Abaaoud was ultimately killed by police outside Paris, but authorities believe much of the planning for the assault on the French capital was carried out in Brussels by jihadis with ties to the city’s Molenbeek-Saint-Jean district.

Molenbeek, one of 19 municipalities in the greater Brussels region, has a large and impoverished population of Muslim immigrants from Morocco, Algeria and Tunisia, largely isolated from the rest of the population. It’s where Abaaoud grew up. It’s also where authorities captured Abdeslam on Friday.

The neighborhood and its connection to the Islamic State have been the subject of much hand-wringing by Belgian political leaders during recent months. The biggest questions have centered on how an area in the heart of Brussels and a short distance from the headquarters of the European Union could be allowed to emerge as such a hotbed for Islamic extremism.

Molenbeek is one of the most densely populated parts of Brussels, with a population of roughly 95,000 people.

“It’s not that the entire borough is a no-go zone,” according to a recent profile of the district in Politico Europe magazine. “The lawlessness problems are concentrated in much smaller areas.

“That Molenbeek has been allowed to become a breeding ground for jihadism says some damning things about formal and informal structures in Belgium, and in particular Brussels,” it added.

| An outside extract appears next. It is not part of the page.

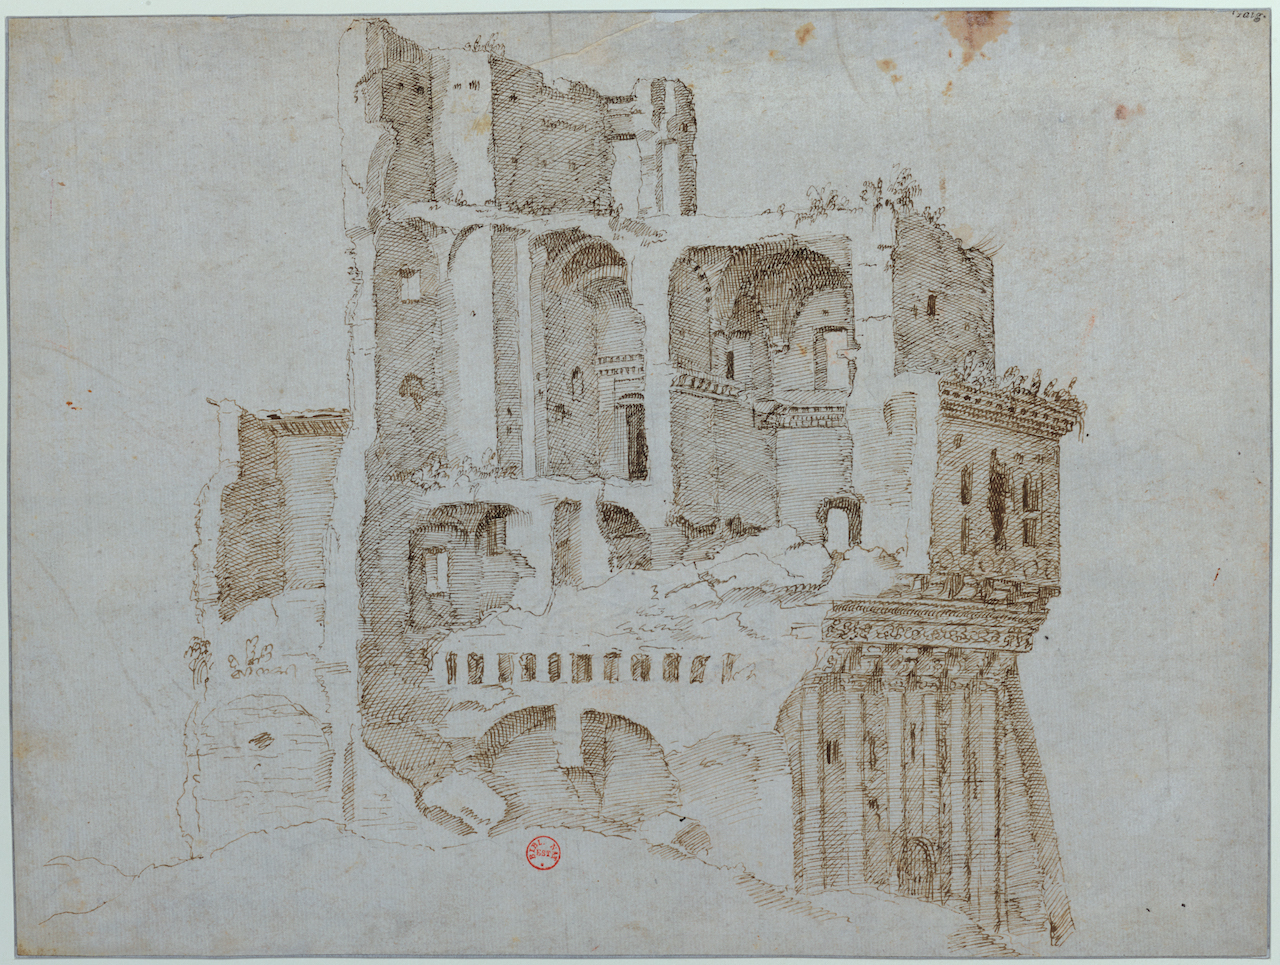 Maarten van Heemskerck, Les ruines de la Casa dei Crescenzi, entre 1532 et 1536, dessin. © Paris, Bibliothèque nationale de France.

But the area is just one of many Muslim enclaves peppered across Belgium and France — enclaves that have grown dramatically in recent decades. The total number of Muslims living across Western Europe is projected to hit 50 million in 2020, a 72 percent increase from 30 years ago.

More attacks coming?

The Foundation for Defense of Democracies’ Long War Journal on Tuesday said the Islamic State remains “a threat to France, Belgium and other European nations,” where known terrorists are “slipping through the cracks because European officials are being forced to investigate more threats than ever.”

“ISIS and its deadly foot soldiers remain fully capable of hitting soft targets in Europe despite the security enhancements after Paris,” said Matt Mayer, a former Department of Homeland Security official and visiting fellow at the American Enterprise Institute.

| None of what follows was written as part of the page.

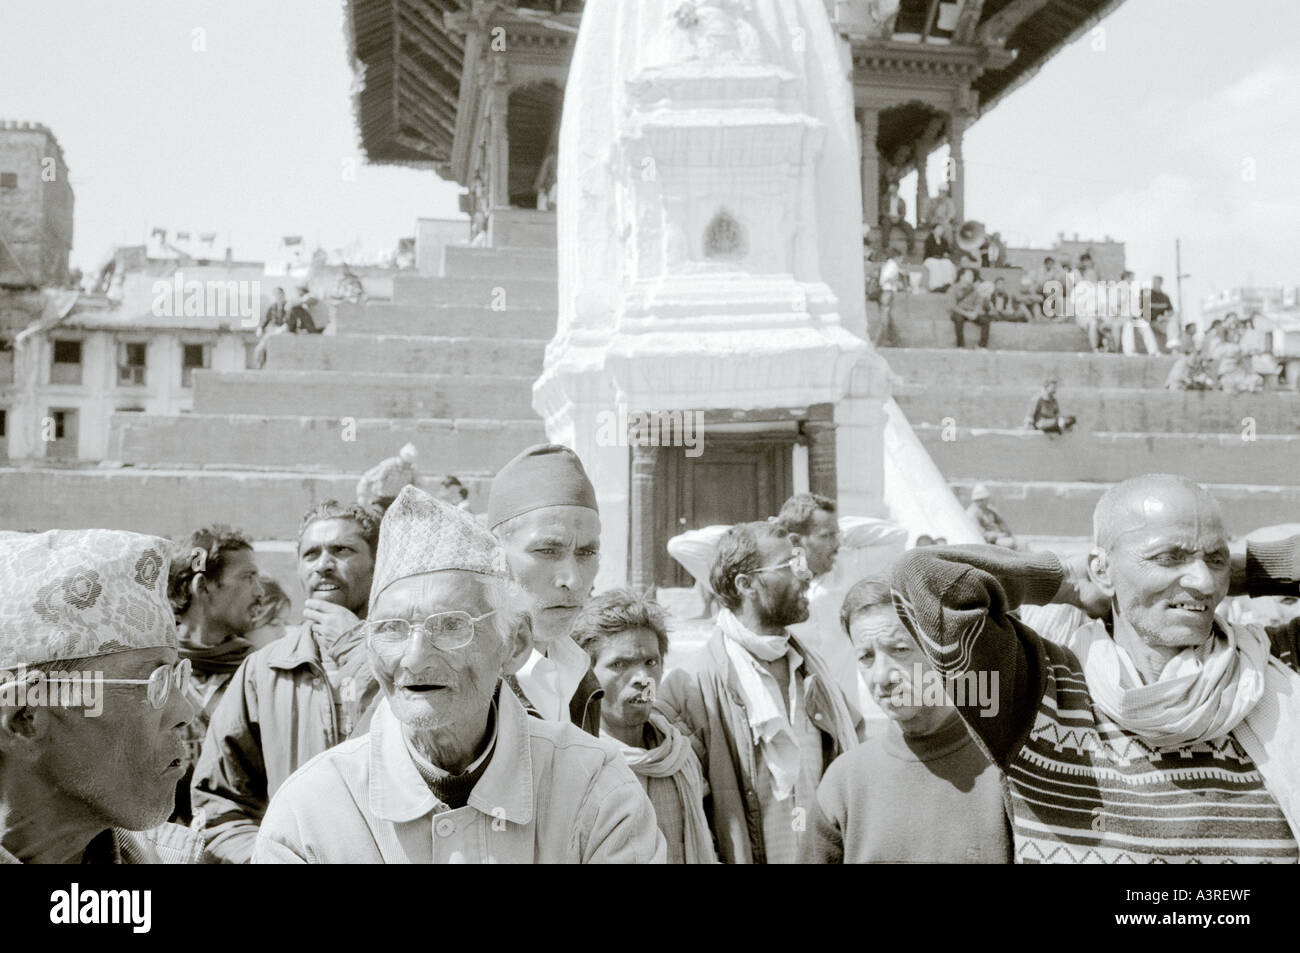 Travel Documentary Photography - Street scene of Hindu

Mr. Mayer said the attacks demonstrated that Abdeslam’s arrest had not crippled the Islamic State operation inside Brussels, in particular the ability to fashion sophisticated explosives and to recruit and deploy suicide bombers to deliver them.

“Law enforcement alone won’t be able to stop these attacks,” he said. “It will require citizens and immigrants living near those planning these attacks to share what they know or suspect with police proactively.”

Others say the attacks have already done great damage to Europe’s struggle to integrate Muslim immigrant communities into the Continent’s wider social fabric.

“Europe,” said Mr. Mauro of the Clarion Project, “has got to find a way to make these areas identify with the European identity and Western democratic values.”

In its message claiming responsibility, Islamic State leaders noted that Belgium is one of the nations “participating in the international coalition against the Islamic State” and warned of more attacks to come.